— Анна! Подойди!
Подала знак Александру Он догадался, смахнул с портрета невидимую пыль, вручил царевне. Затем Елизавете. Одарила Левенвольде-старшего [172] — пусть хранят в баронской семье, и младшему будет память. Награждён портретом, по совету светлейшего, старый Сапега — за то, что принял русскую службу. Произведён в фельдмаршалы, весьма может быть полезен в спорах с Польшей из-за Курляндии.
В десятом часу царица пожелала родне, кавалерам спокойной ночи. Голос её слабел. К полуночи поднялся жар. Прибежал Блументрост — без парика, лысый, задыхающийся. Притворно журил, будто недуг не что иное, как каприз.
— Ай, Алексевна, набедокурила! У зайца заболи, у волка заболи, у лисички! На-кось, глотни!
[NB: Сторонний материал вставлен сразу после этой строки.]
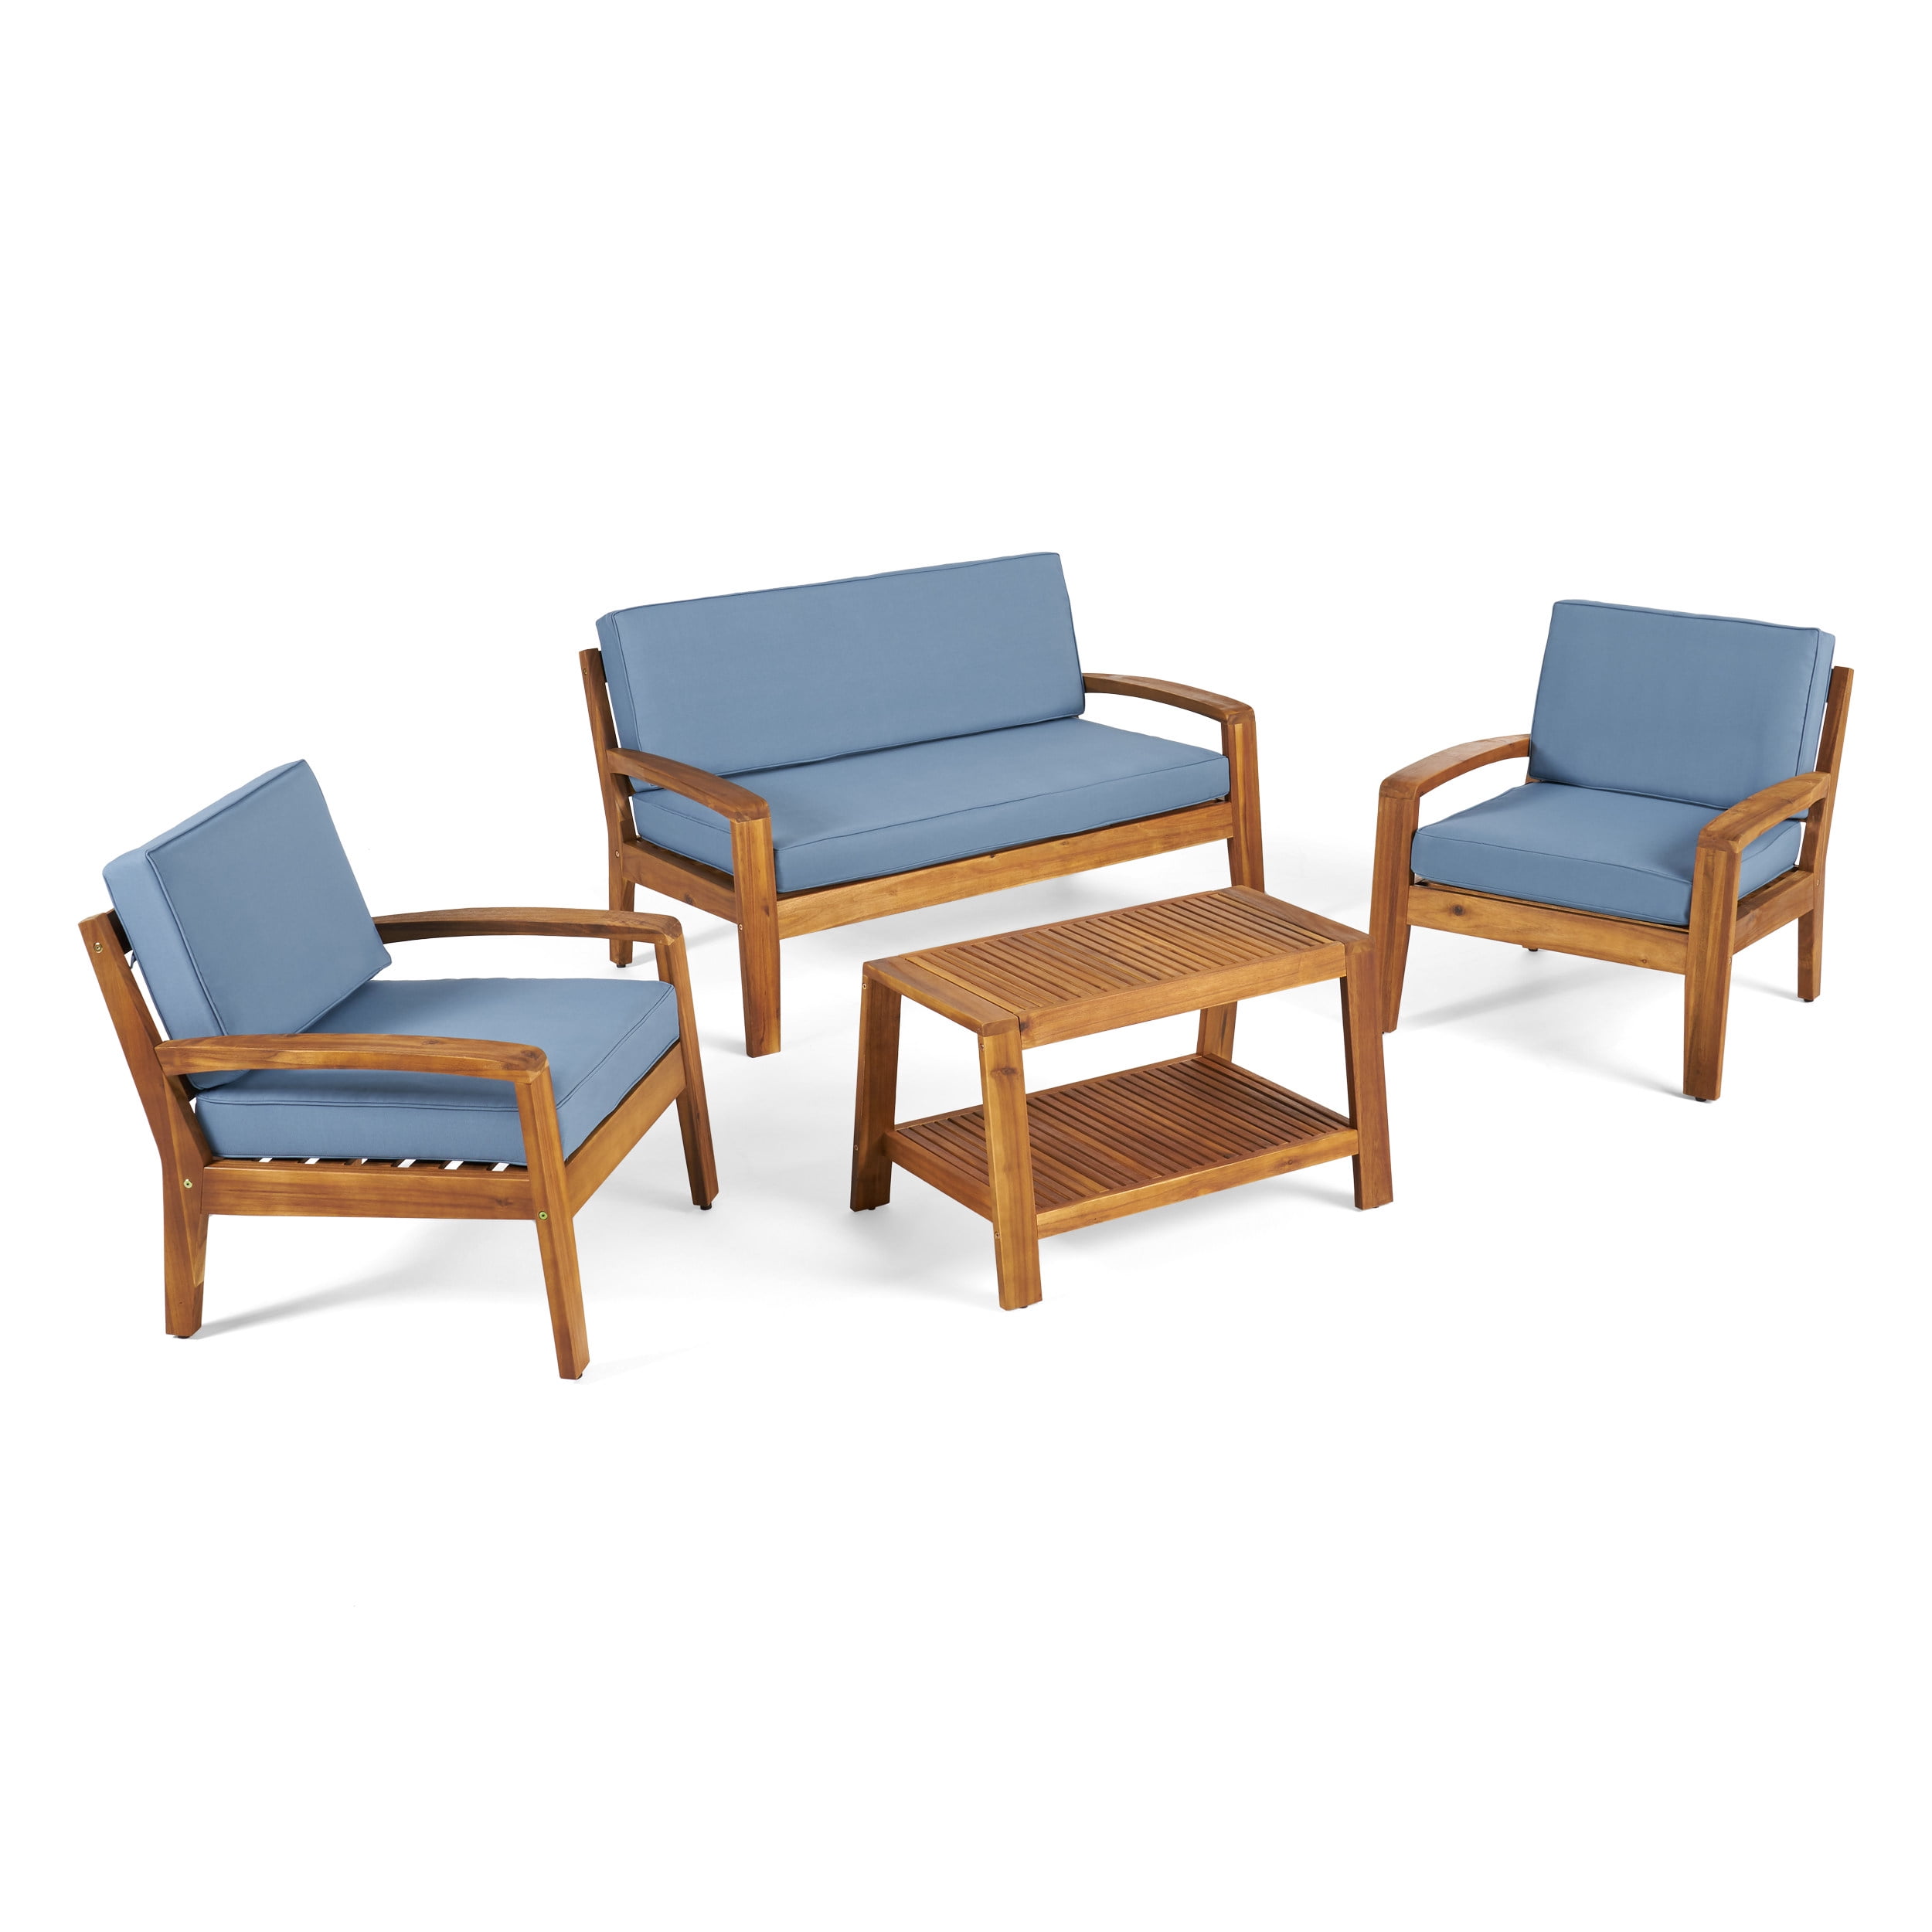 Parma 4 Piece Outdoor Wood Patio Furniture Chat Set with Water Resistant Cushions, Blue

Немец, родившийся в Москве, он чуть не полвека при дворе, обращаться с коронованными привык по-свойски, на правах семейного врача.
— Снотворное? Пфуй!
Упрашивал и Данилыч. Боится она этого снадобья, подозрительность напала. Бывает с ней… Вдруг чудится — отравили её. Однажды конфеты показались кислы…
— Проснёшься, матушка… Яко зорька ясная.
Нет, бунтует, выбила чашку из дрожащих пальцев старика. Солдатская брань срывается с уст. Раус, вон докторов! Они уморят её. Блументрост пятится к двери, лицо опавшее, горестное.
Больная промаялась всю ночь. Анна Крамер клала ей на горячий лоб прохладные тряпки, смоченные уксусом, поила чаем из трав. Эльза тихо играла на фисгармонии псалмы из тетради Глюка, Александр развлекал беседой, извлекая из памяти былое, походное. Наконец лихорадка унялась, царица задремала. Князь направился к себе. Он снова квартирует в Зимнем — скоро распутица, безумием было бы разлучиться сейчас с Катрин.
Спальня здесь ещё чужая. Дома делфтские птицы назойливы, тут без них чего-то не хватает, стены расчерчены тонкой лепкой, голо и пусто. Что готовит судьба? Раздевшись, дольше обычного творил молитву, задул свечи. Сдаётся — влетели пернатые, шумят крыльями в темноте.
Невидимо, зловеще…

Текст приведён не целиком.